You absolute star! Thank you for suggestion a solution

Dhaval

02/19/2022, 8:09 PM

Thanks a lot for the solution, I'm going to have a look at it tomorrow 😊

Dhaval

02/20/2022, 6:14 PM

@User Tried for 2 different projects but the errors remained the same:

Copy code

Traceback (most recent call last):
  File "/home/thakkar/anaconda3/envs/ciena/lib/python3.8/site-packages/prefect/engine/task_runner.py", line 876, in get_task_run_state
    value = prefect.utilities.executors.run_task_with_timeout(
  File "/home/thakkar/anaconda3/envs/ciena/lib/python3.8/site-packages/prefect/utilities/executors.py", line 467, in run_task_with_timeout
    return task.run(*args, **kwargs)  # type: ignore
  File "register_prefect_flow.py", line 66, in run
    session.run(self.pipeline_name, node_names=[self.node_name])
  File "/home/thakkar/anaconda3/envs/ciena/lib/python3.8/site-packages/kedro/framework/session/session.py", line 338, in run
    save_version = run_id = self.store["session_id"]
KeyError: 'session_id'

I didn't understand the first step

1. You'll have to set SESSION_STORE_CLASS as ShelveStore

How do I set this up?

avan-sh

02/20/2022, 6:24 PM

My bad, you should change the settings file if using 0.17.6. Take a look at the changes I made in this commit https://github.com/avan-sh/spaceflights-prefect/commit/181984fe06669012c02963f999e311e90eaeaf5c

Dhaval

02/20/2022, 8:32 PM

@User I am unable to create flows for specific pipelines. This currently takes in all the nodes as it is even after passing the pipeline name through

-p

--pipeline

command on the terminal. What should I do?

avan-sh

02/21/2022, 1:20 AM

@User , that is strange. Can you test with the latest change I made, I changed the script so that each pipeline would have it's own flow name.

Dhaval

02/21/2022, 11:57 AM

Still doesn't work. It is taking up all the tasks from all pipelines

datajoely

02/21/2022, 12:00 PM

I'm not super familiar with Prefect

datajoely

02/21/2022, 12:00 PM

can you run with breakpoints?

avan-sh

02/21/2022, 12:22 PM

Yes, you can also cross check if all pipelines are returning diff things?

Copy code

from kedro.framework.project import pipelines
from pathlib import Path
from kedro.framework.startup import bootstrap_project

project_path = Path.cwd()
metadata = bootstrap_project(project_path)
pipeline_names = ["__default__", "dp", "ds"]
for pipeline_name in pipeline_names:
    print(f"PIPELINE - {pipeline_name}")
    pipeline = pipelines.get(pipeline_name)
    for node, parent_nodes in pipeline.node_dependencies.items():
        print(f"|-{node.name}")
        for parent in parent_nodes:
            print(f"|-------{parent.name}")
    print("")

Dhaval

02/21/2022, 2:02 PM

@User sorry my bad. The tasks in the default pipeline were being added to the new pipeline too. Now the issue that I have is this, the data which is present in the memorydataset while executing a pipeline is not available for processing.

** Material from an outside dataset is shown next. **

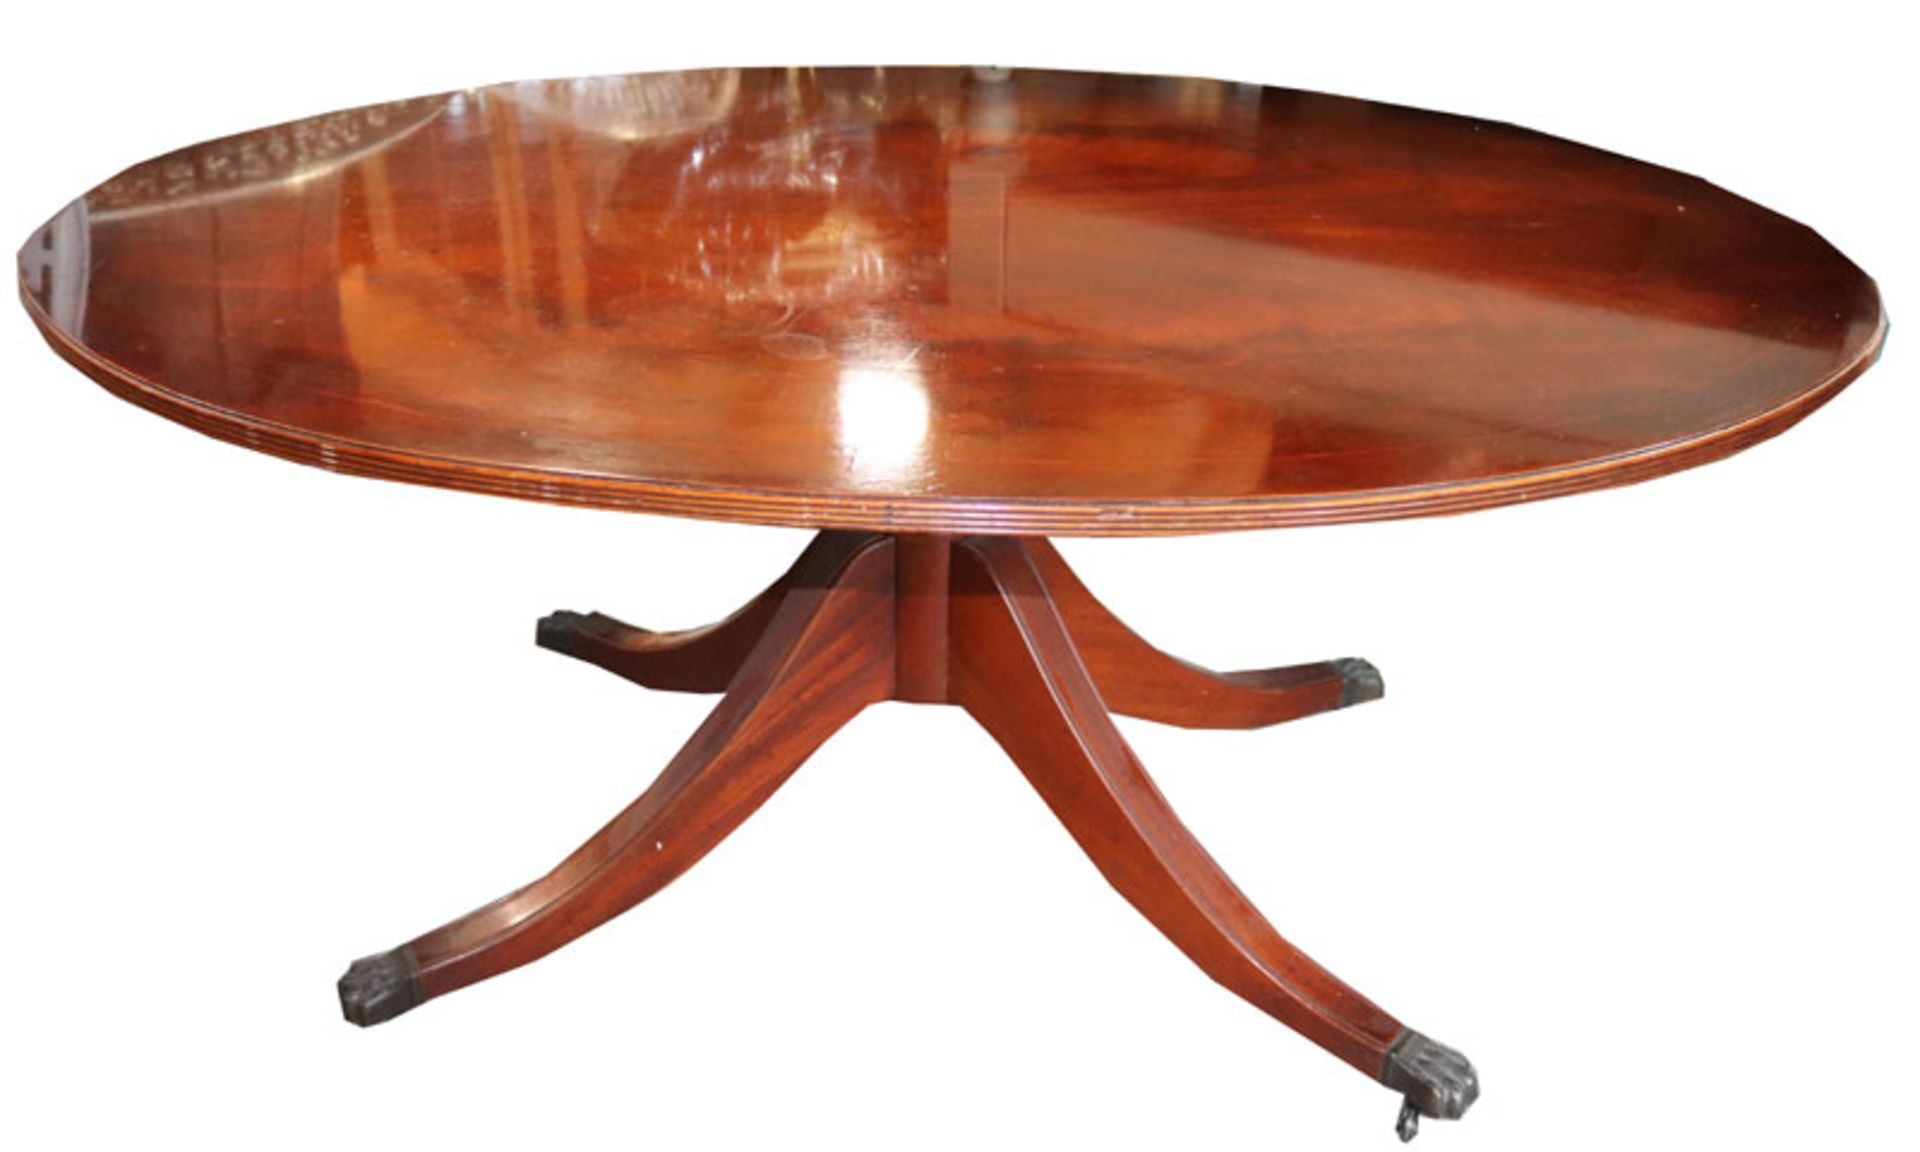 Ovaler Tisch auf Mittelfuß mit 4 Beinen, Löwentatzen auf Rollen, England, H 54 cm, B 120 cm, T 75

ValueError: Pipeline input(s) {'data_joins.join_1.left_preprocessed', 'data_joins.join_1.right_preprocessed'} not found in the DataCatalog

This runs perfectly fine when using

kedro run --pipeline "Data Join"

and also with the default prefect python file shared on the docs. The modification you suggested has this issue as of now

Dhaval

02/21/2022, 2:03 PM

I'm guessing this is happening because MemoryDataSet is not being used

avan-sh

02/21/2022, 2:11 PM

Yes, you'll need to add all your catalog items to conf, now each node will read from disk on every run. That's the reason I mentioned its not the best solution

Dhaval

02/21/2022, 2:21 PM

@datajoely any help on this front?

datajoely

02/21/2022, 2:25 PM

The easiest solution is to provide catalog entires for every item

datajoely

02/21/2022, 2:25 PM

and then remove the ones you don't need carefully

Dhaval

02/21/2022, 2:34 PM

Since these are not declared and used by modular pipelines, it'd be really difficult to write those entries

Dhaval

02/21/2022, 2:36 PM

The code given here: https://kedro.readthedocs.io/en/stable/10_deployment/05_prefect.html works with datasets present in MemoryDataSet. The issue with this code is that it is not able to save the versioned datasets because the session is only initiated once when the run is created and when it is rerun, it throws an error. @User Should I go ahead and create an issue on github for this?

datajoely

02/21/2022, 2:37 PM

I'm not sure I understand the issue entirely

datajoely

02/21/2022, 2:37 PM

is it only when versioning is turned on?

datajoely

02/21/2022, 2:37 PM

it works fine without?

Dhaval

02/21/2022, 2:38 PM

Yes, it causes issues when versioning is turned on to save the datasets when the pipeline is run

Dhaval

02/21/2022, 2:38 PM

It works completely fine without it

Dhaval

02/21/2022, 2:57 PM

I'll write the issue properly over here for you to go through. The code available here https://kedro.readthedocs.io/en/stable/10_deployment/05_prefect.html works fine with when versioning is not enabled for any datasets in the catalog.yml file. When the flow is registered for the first time, it takes the timestamp from when the session was created for the prefect flow. When this prefect flow is scheduled to run, it works completely fine. But when this flow is scheduled to run for the 2nd time, it gives an error

Copy code

kedro.io.core.DataSetError: Save path `/home/thakkar/Work/kedro_project/data/03_primary/Master_table.pkl/2022-02-17T20.20.56.877Z/Master_table.pkl` for PickleDataSet(backend=<module 'pickle' from '/home/thakkar/anaconda3/envs/kedro_project/lib/python3.8/pickle.py'>, filepath=/home/thakkar/Work/kedro_project/data/03_primary/Master_table.pkl, load_args={}, protocol=file, save_args={}, version=Version(load=None, save='2022-02-17T20.20.56.877Z')) must not exist if versioning is enabled.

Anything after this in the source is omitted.